This is the mail archive of the
gcc-patches@gcc.gnu.org
mailing list for the GCC project.
Re: [PATCH] Introducing SAD (Sum of Absolute Differences) operation to GCC vectorizer.
- From: James Greenhalgh <james dot greenhalgh at arm dot com>
- To: Cong Hou <congh at google dot com>
- Cc: Uros Bizjak <ubizjak at gmail dot com>, "ramana dot gcc at googlemail dot com" <ramana dot gcc at googlemail dot com>, Richard Biener <rguenther at suse dot de>, "gcc-patches at gcc dot gnu dot org" <gcc-patches at gcc dot gnu dot org>
- Date: Fri, 8 Nov 2013 10:55:21 +0000
- Subject: Re: [PATCH] Introducing SAD (Sum of Absolute Differences) operation to GCC vectorizer.
- Authentication-results: sourceware.org; auth=none
- References: <CAFULd4Znkj7WxsP9kmng069XKXb2CWL3es4myY7tE-5JmykJFw at mail dot gmail dot com> <CAK=A3=33kpXdwCEhbPFfs4=mov0k6Z6J+O0HnBdE0fB41K7vvQ at mail dot gmail dot com> <20131101101656 dot GA1347 at arm dot com> <CAK=A3=3s+nG7CJUDAeXGARz+1_WjjzEYgwz9TK47QSvjqGoySg at mail dot gmail dot com> <20131104100617 dot GA29519 at arm dot com> <CAK=A3=3W5=cO9JYxMNbj2QGLgGuUj+En8=p2yFqLiLgzpz_bWA at mail dot gmail dot com> <20131105095308 dot GA16568 at arm dot com> <CAK=A3=2GSaa5apxacaxw4At-CVLbxLemi9mUpoJT6grtC6Z4gw at mail dot gmail dot com> <CAK=A3=2BjLOgmrFouSHdSDYqQZeDBhQzB1ZiE-JQf8tmO+ST6w at mail dot gmail dot com>
> On Tue, Nov 5, 2013 at 9:58 AM, Cong Hou <congh@google.com> wrote:
> > Thank you for your detailed explanation.
> >
> > Once GCC detects a reduction operation, it will automatically
> > accumulate all elements in the vector after the loop.

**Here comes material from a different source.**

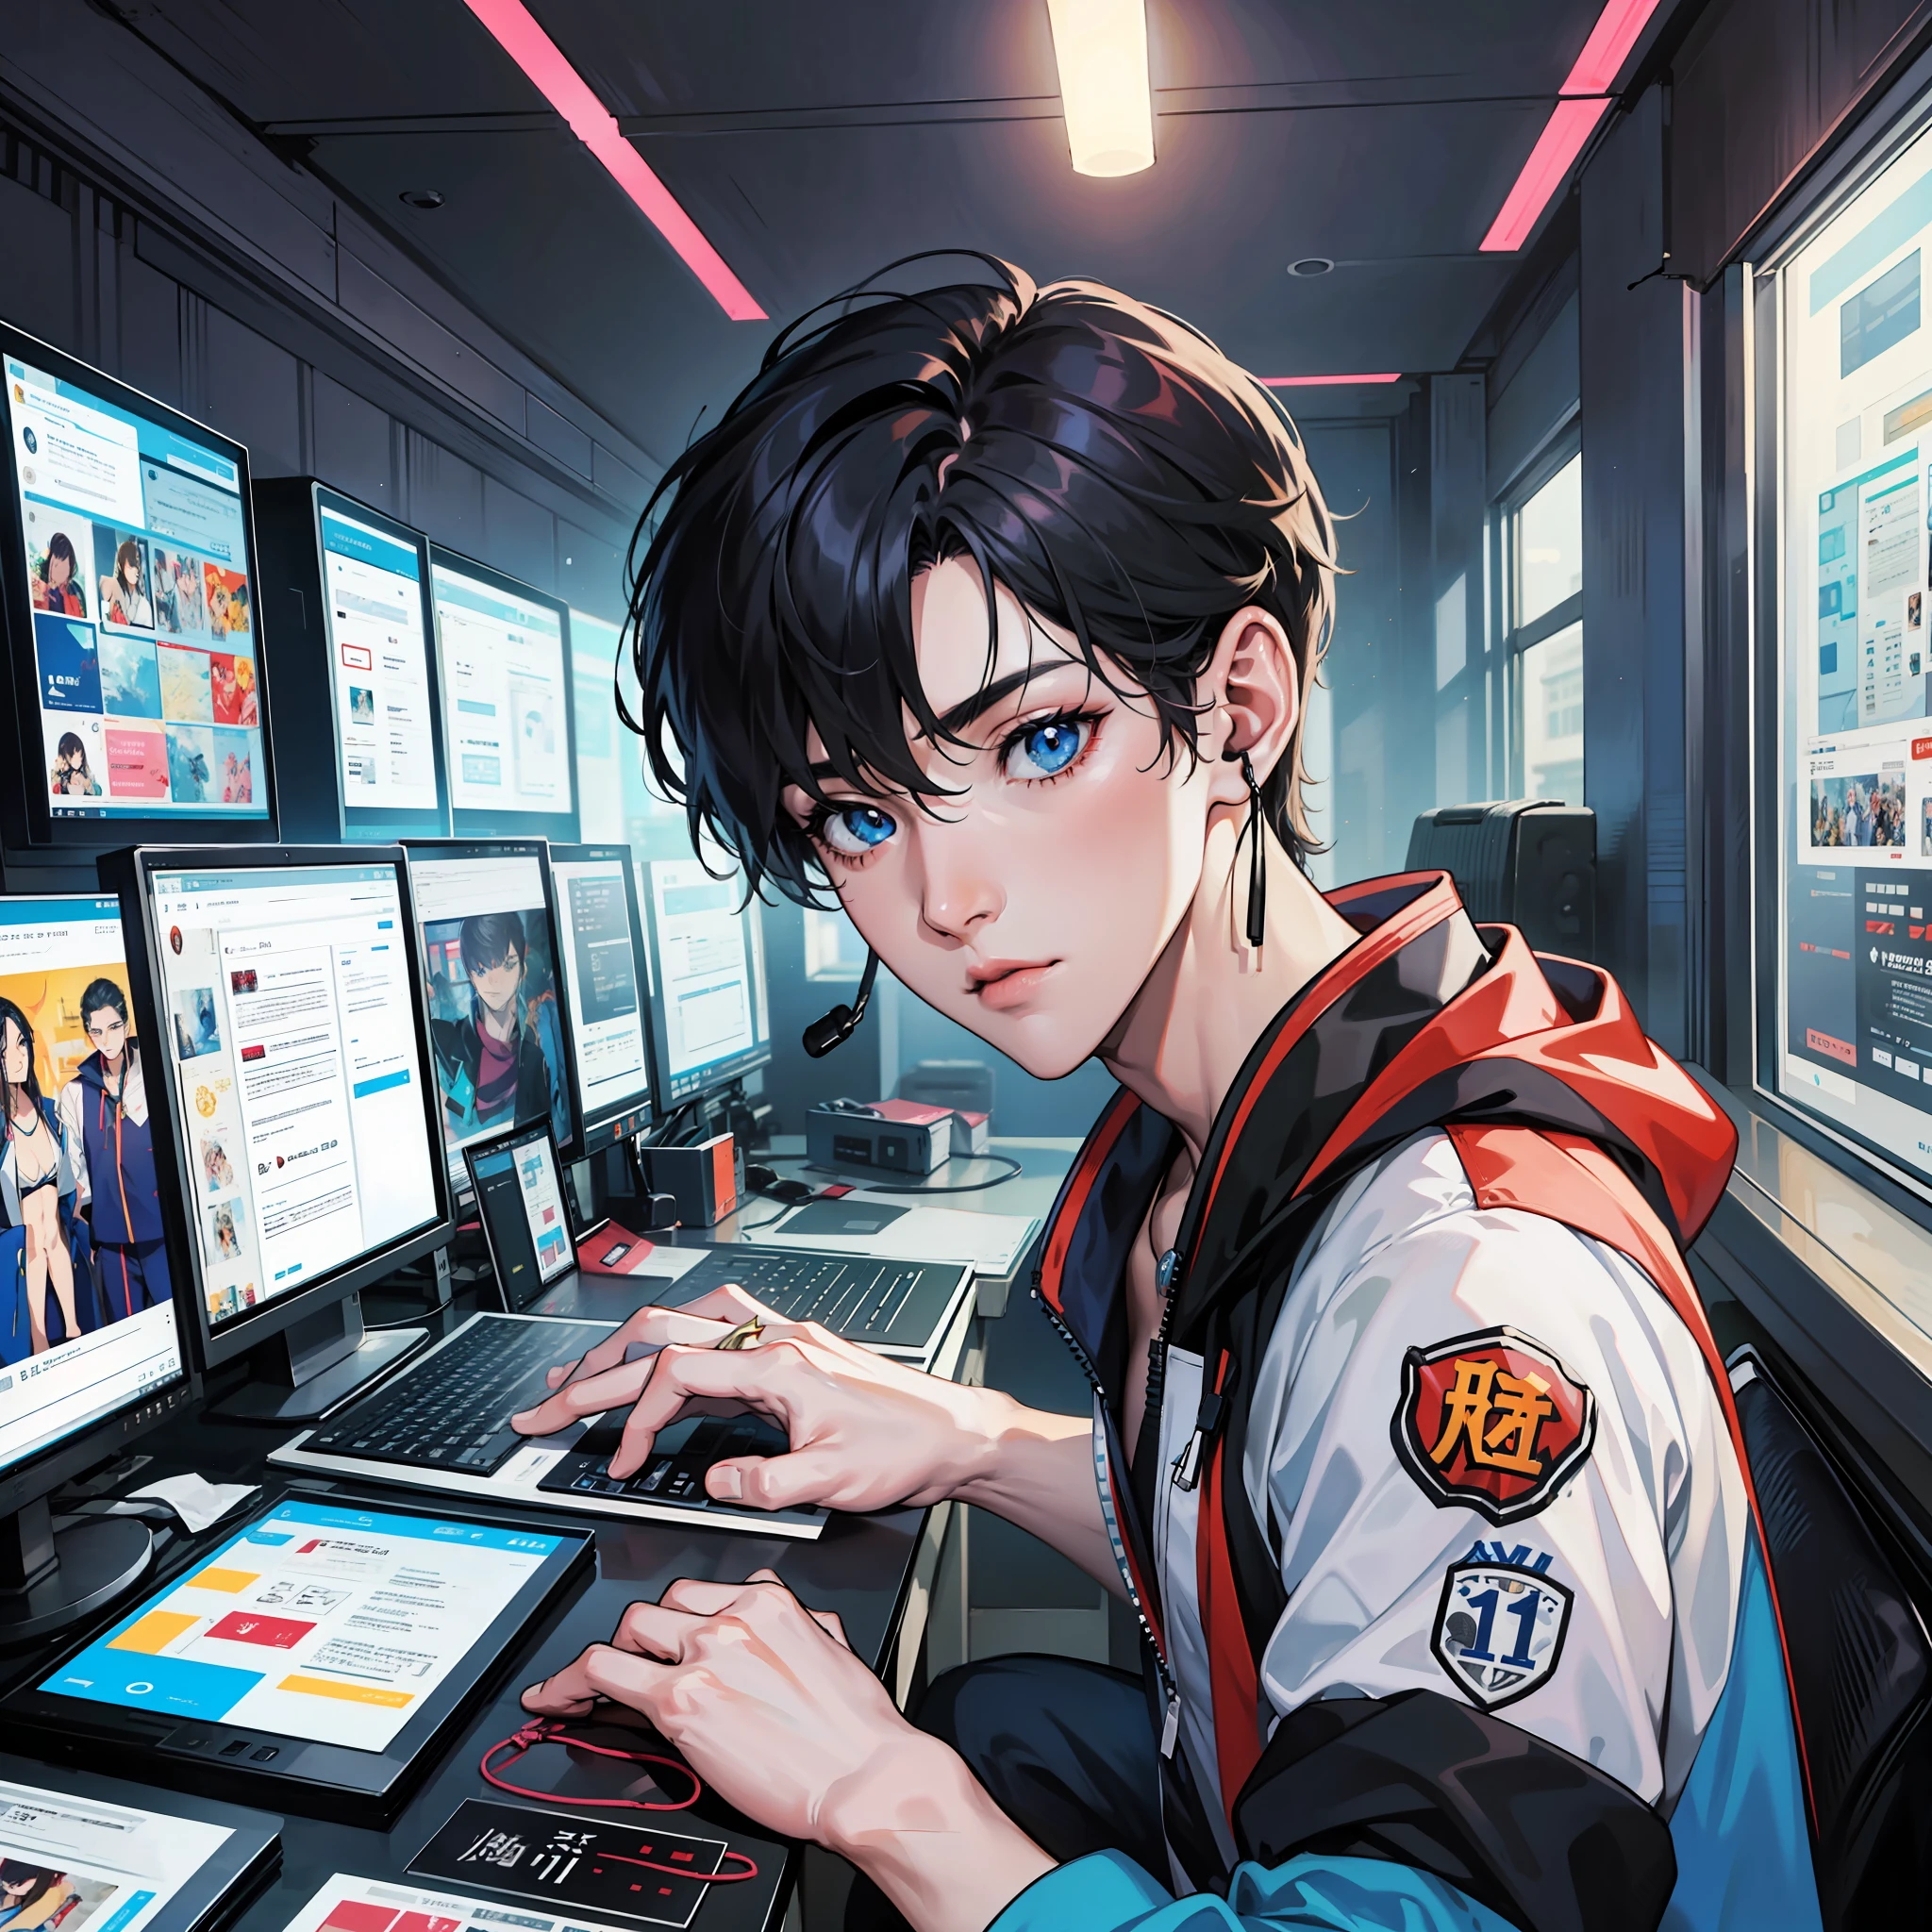 Anime boy calls to talk, ig studios anime style, nightcore, style of anime4 K, High quality anime art style, Anime boy, young anime man, Anime art style, Digital anime illustration, Anime style. 8K, in an anime style, male anime character, Like，best qualtiy：1.0），（Ultra-high resolution：1.0），Anime boys，with short black hair，blue color eyes，sitting in front of the computer，Speak into the microphone，The background is in the esports room，earphone，The head is close to the microphone,8K，Faraway view

In the loop the
> > reduction variable is always a vector whose elements are reductions of
> > corresponding values from other vectors. Therefore in your case the
> > only instruction you need to generate is:
> >
> > VABAL ops[3], ops[1], ops[2]
> >
> > It is OK if you accumulate the elements into one in the vector inside
> > of the loop (if one instruction can do this), but you have to make
> > sure other elements in the vector should remain zero so that the final
> > result is correct.
> >
> > If you are confused about the documentation, check the one for
> > udot_prod (just above usad in md.texi), as it has very similar
> > behavior as usad. Actually I copied the text from there and did some
> > changes. As those two instruction patterns are both for vectorization,
> > their behavior should not be difficult to explain.
> >
> > If you have more questions or think that the documentation is still
> > improper please let me know.
Hi Cong,
Thanks for your reply.
I've looked at Dorit's original patch adding WIDEN_SUM_EXPR and
DOT_PROD_EXPR and I see that the same ambiguity exists for
DOT_PROD_EXPR. Can you please add a note in your tree.def
that SAD_EXPR, like DOT_PROD_EXPR can be expanded as either:
tmp = WIDEN_MINUS_EXPR (arg1, arg2)
tmp2 = ABS_EXPR (tmp)
arg3 = PLUS_EXPR (tmp2, arg3)
or:
tmp = WIDEN_MINUS_EXPR (arg1, arg2)
tmp2 = ABS_EXPR (tmp)
arg3 = WIDEN_SUM_EXPR (tmp2, arg3)
Where WIDEN_MINUS_EXPR is a signed MINUS_EXPR, returning a
a value of the same (widened) type as arg3.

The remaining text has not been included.